» REQUIREMENT
Below is a listing; retype exactly the lines between the one containing "Infographic dimitriaka fitness fin" and the one containing "Stacy Adams Carmichael", inclusive, minus the pictures.

» INPUT DATA

--- START ---

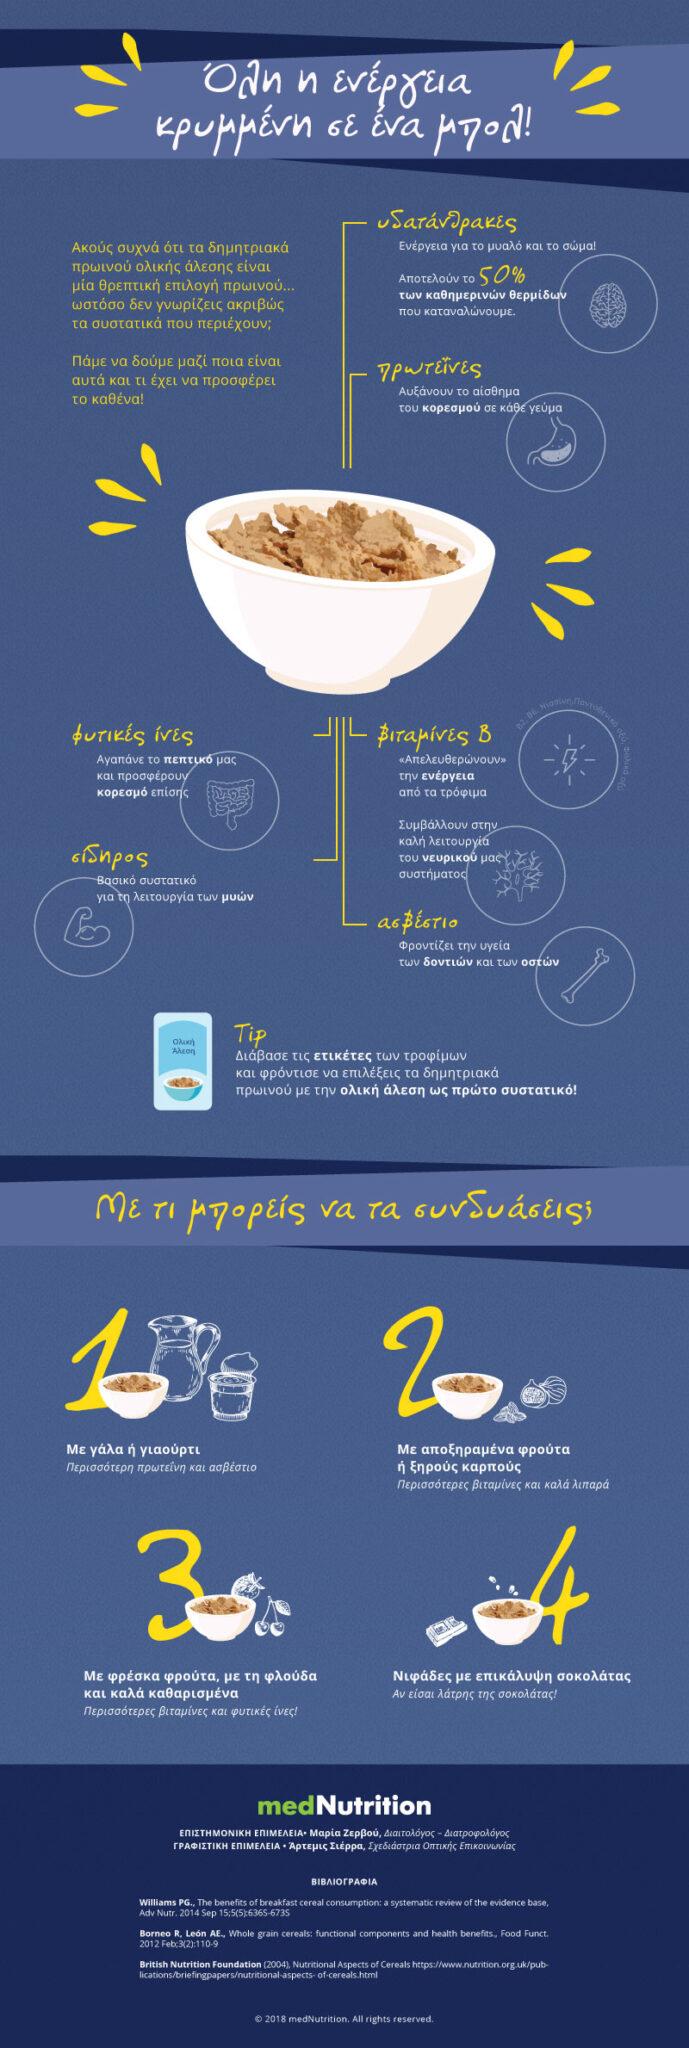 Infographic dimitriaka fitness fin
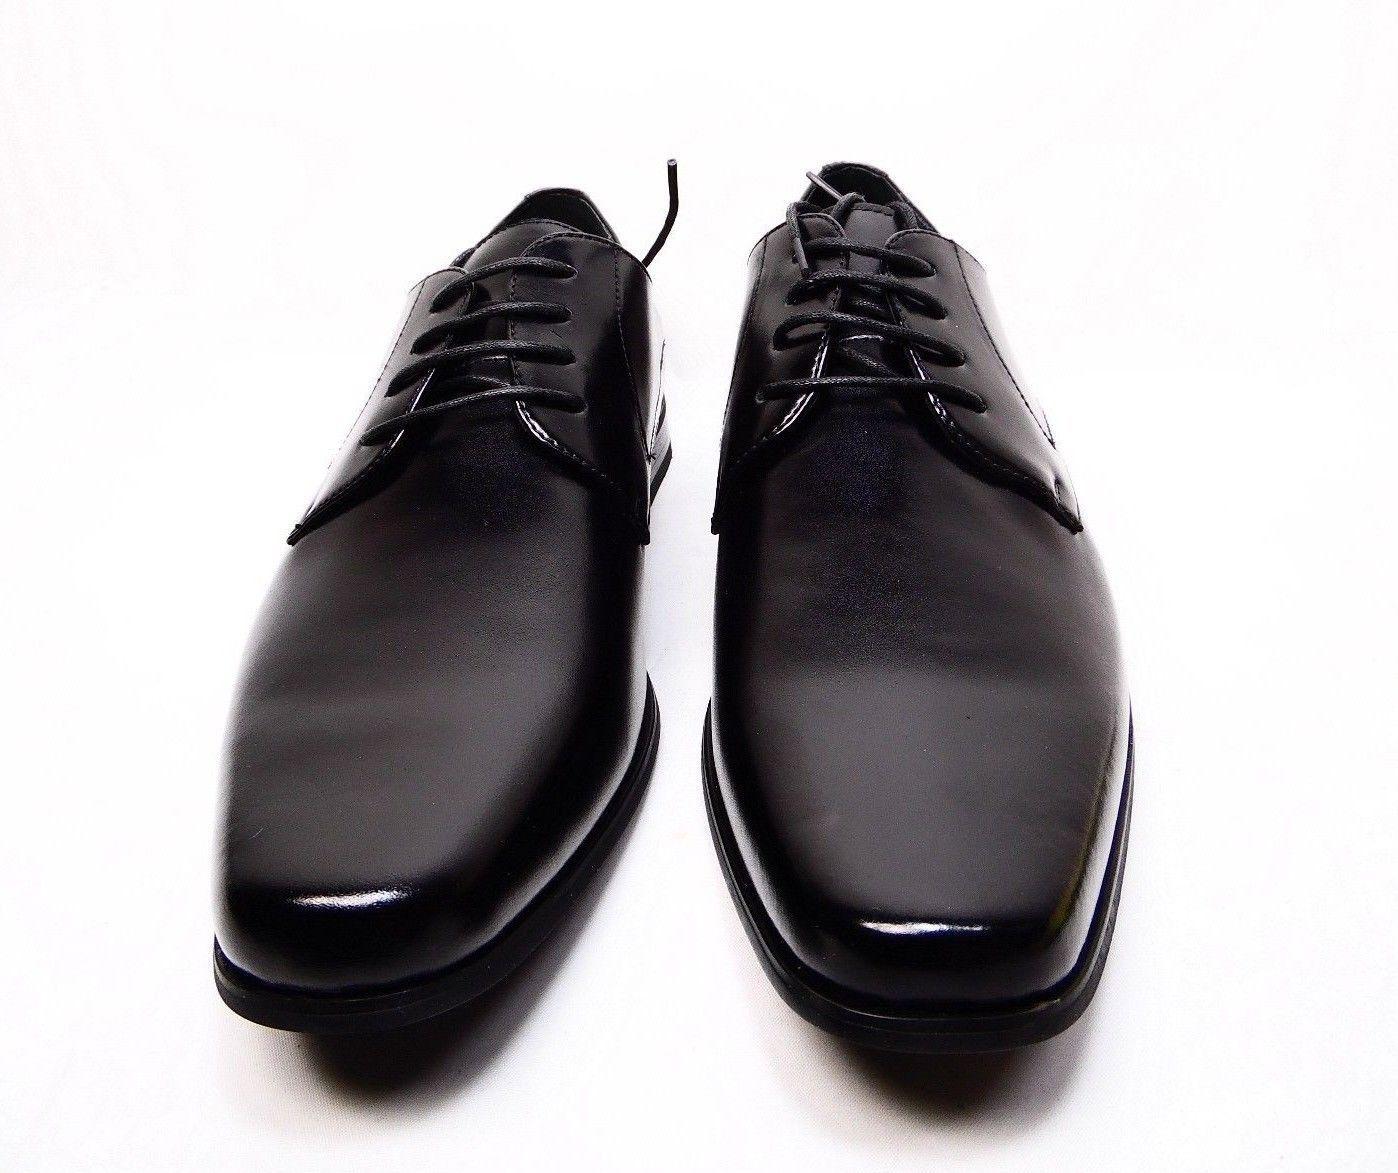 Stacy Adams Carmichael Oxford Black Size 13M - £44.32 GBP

--- END ---
--- START ---

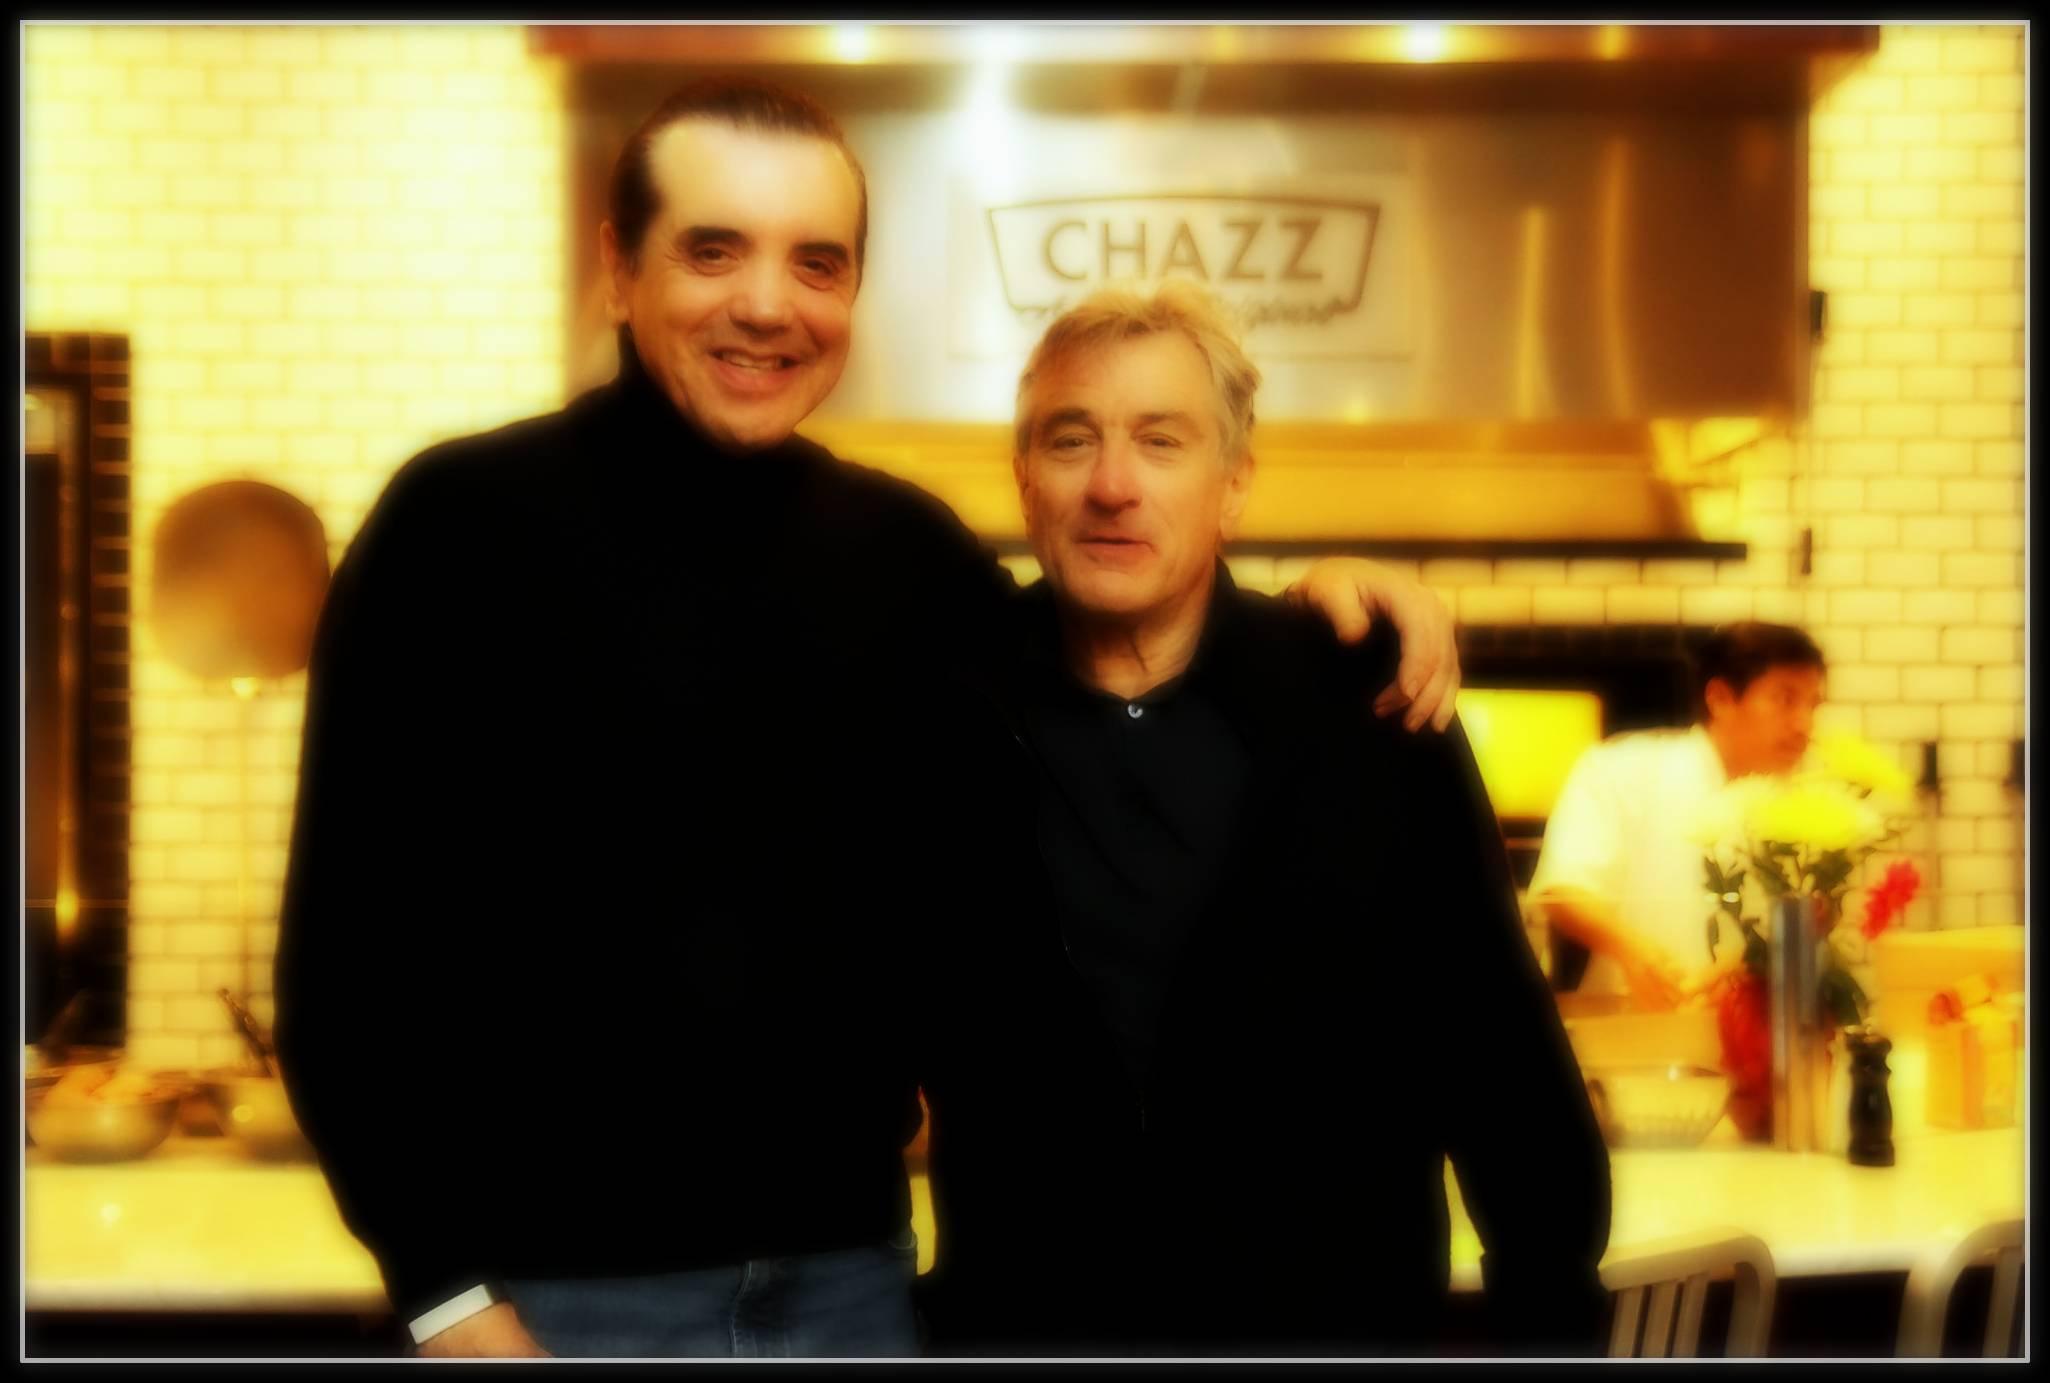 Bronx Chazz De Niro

--- END ---

» WRITTEN RESPONSE
 Infographic dimitriaka fitness fin
 Stacy Adams Carmichael Oxford Black Size 13M - £44.32 GBP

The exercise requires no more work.